**YOUR ASSIGNMENT:** Without the pictures, repeat the listing character for character.

**INFORMATION SHOWN:**
******************************

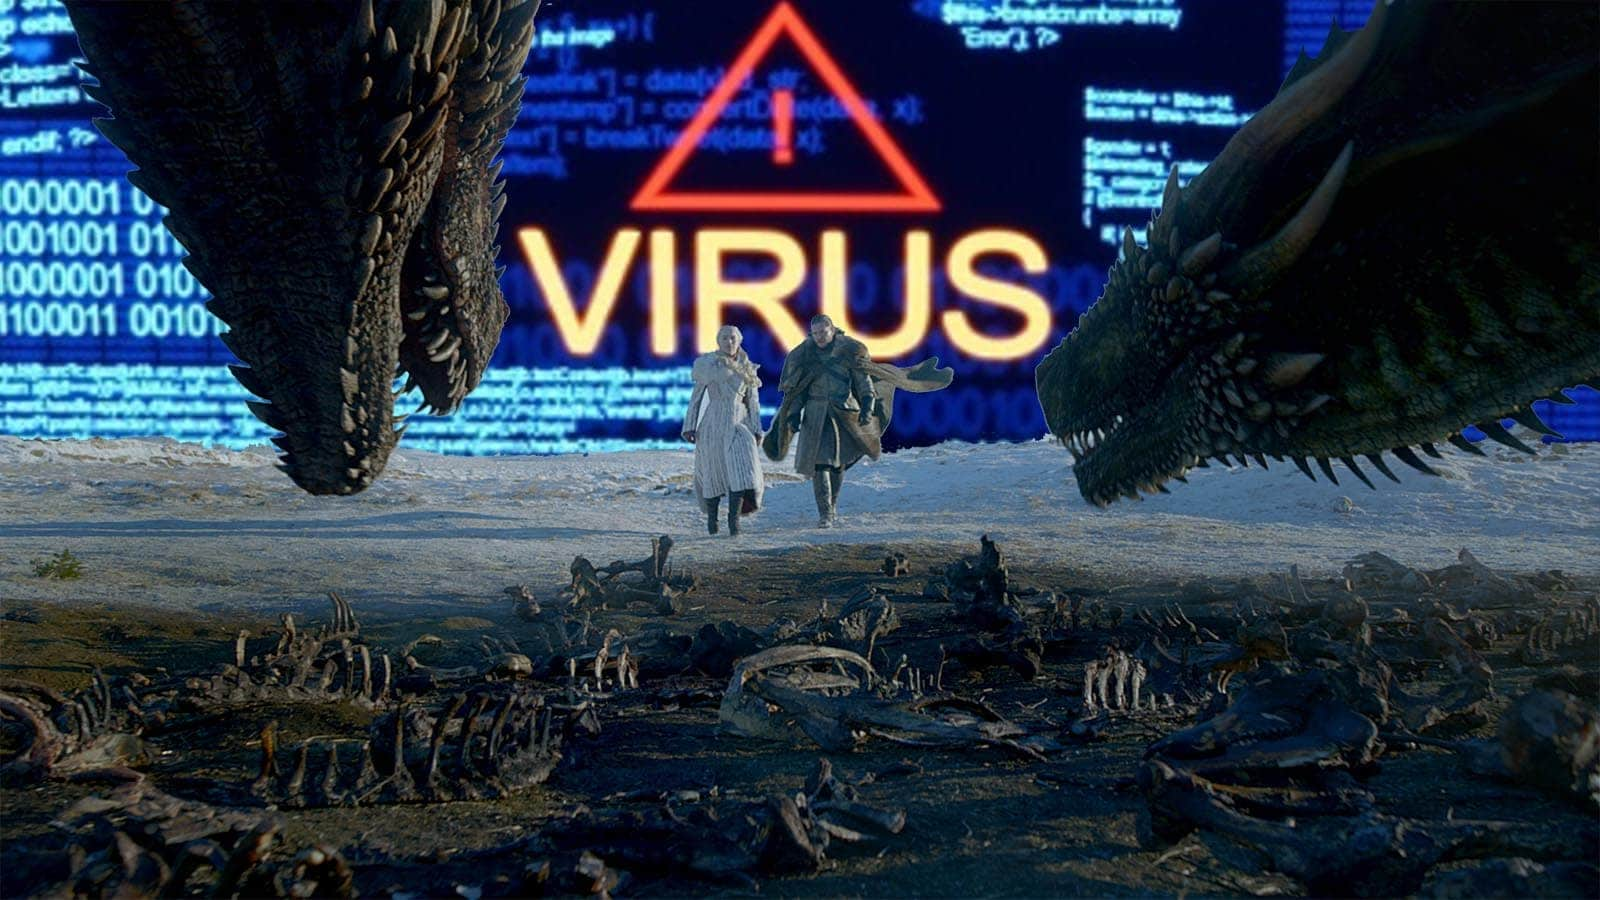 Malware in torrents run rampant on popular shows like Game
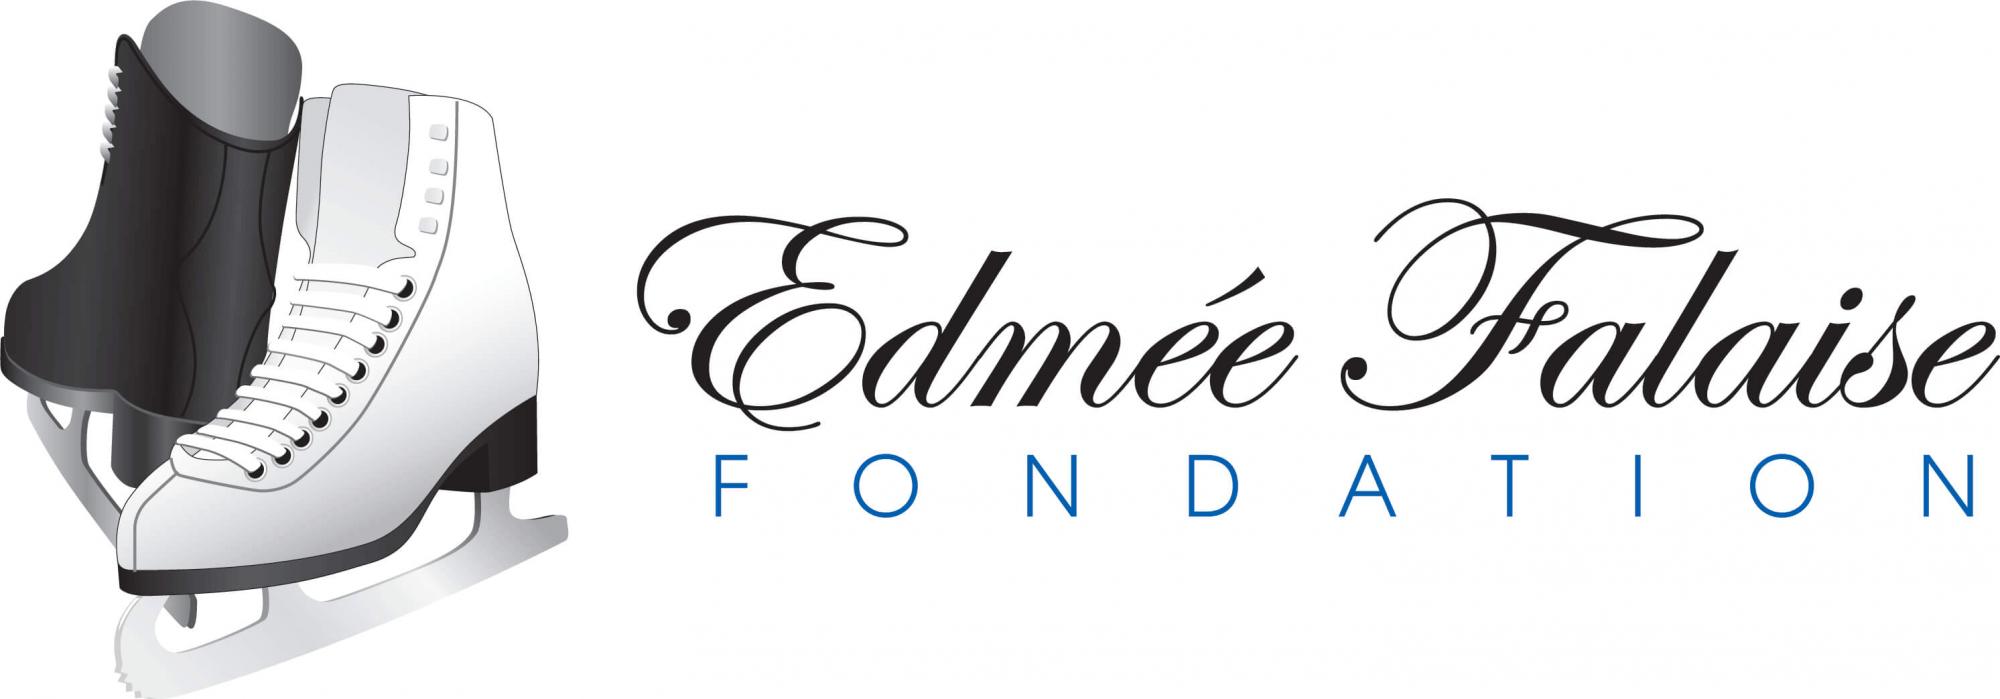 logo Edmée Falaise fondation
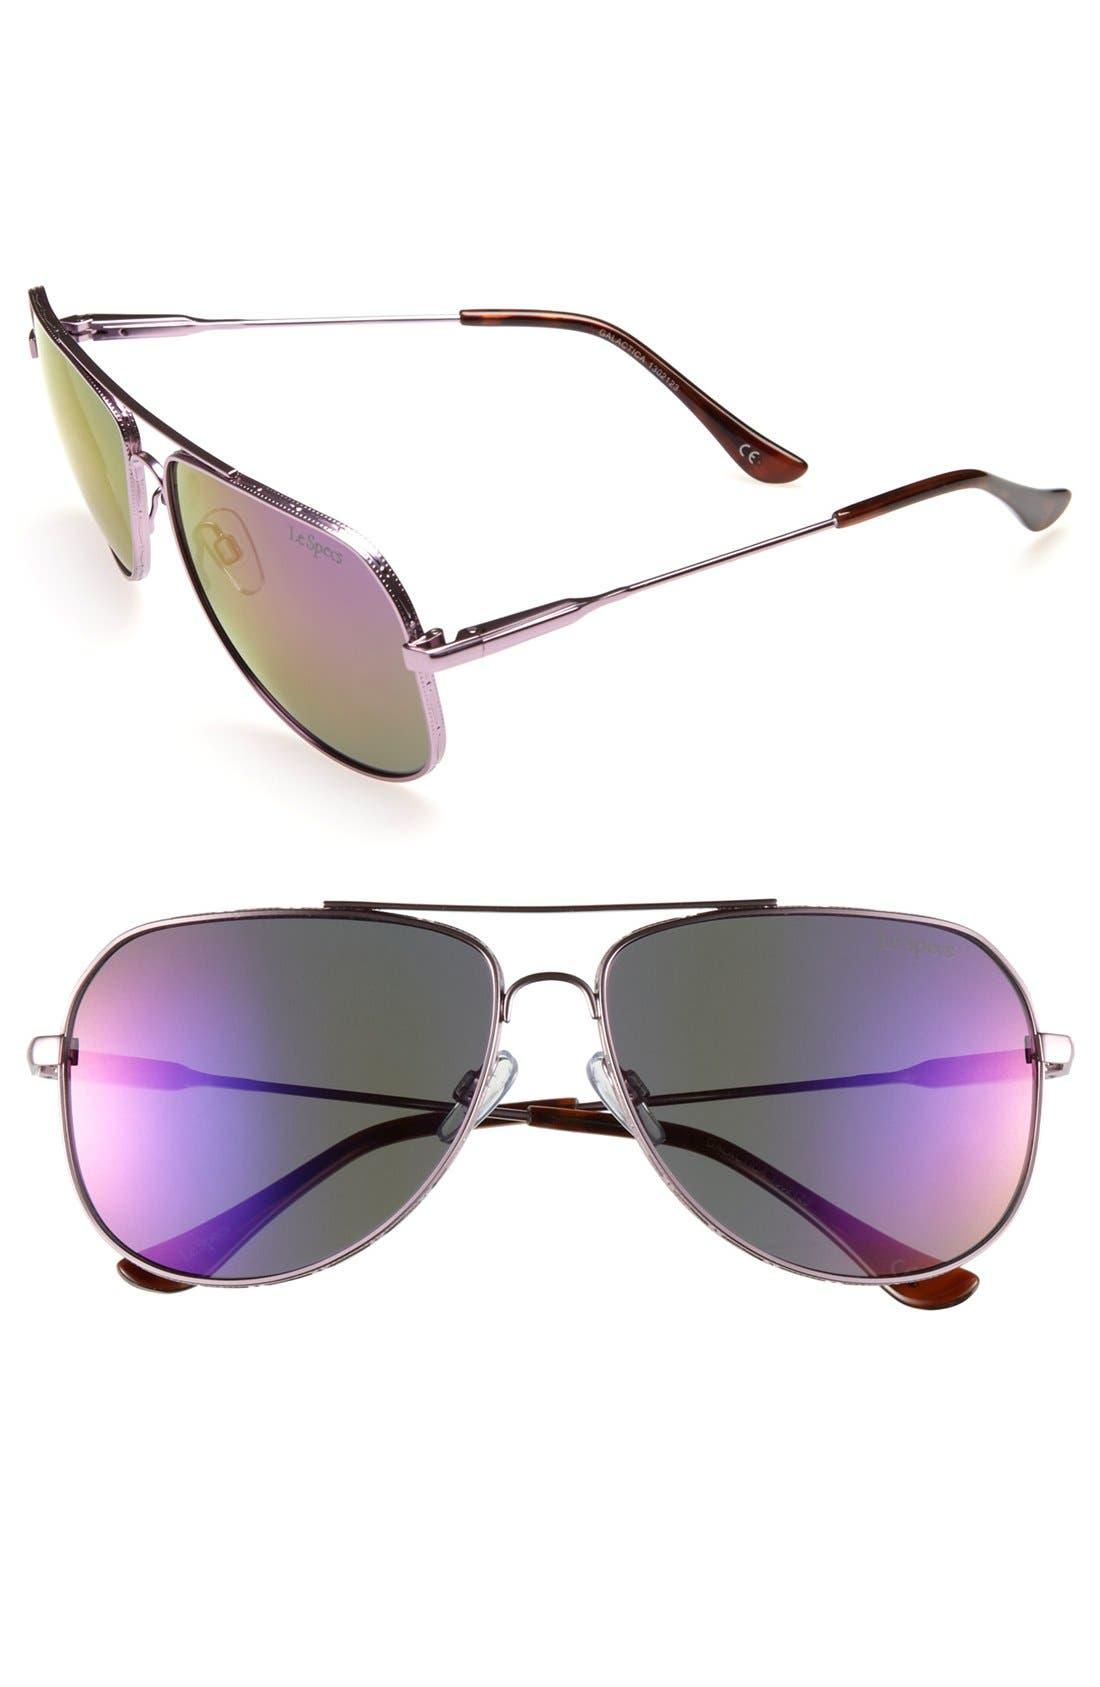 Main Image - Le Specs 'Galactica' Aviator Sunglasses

******************************

**TASK SOLUTION:**
 Malware in torrents run rampant on popular shows like Game
 logo Edmée Falaise fondation
 Main Image - Le Specs 'Galactica' Aviator Sunglasses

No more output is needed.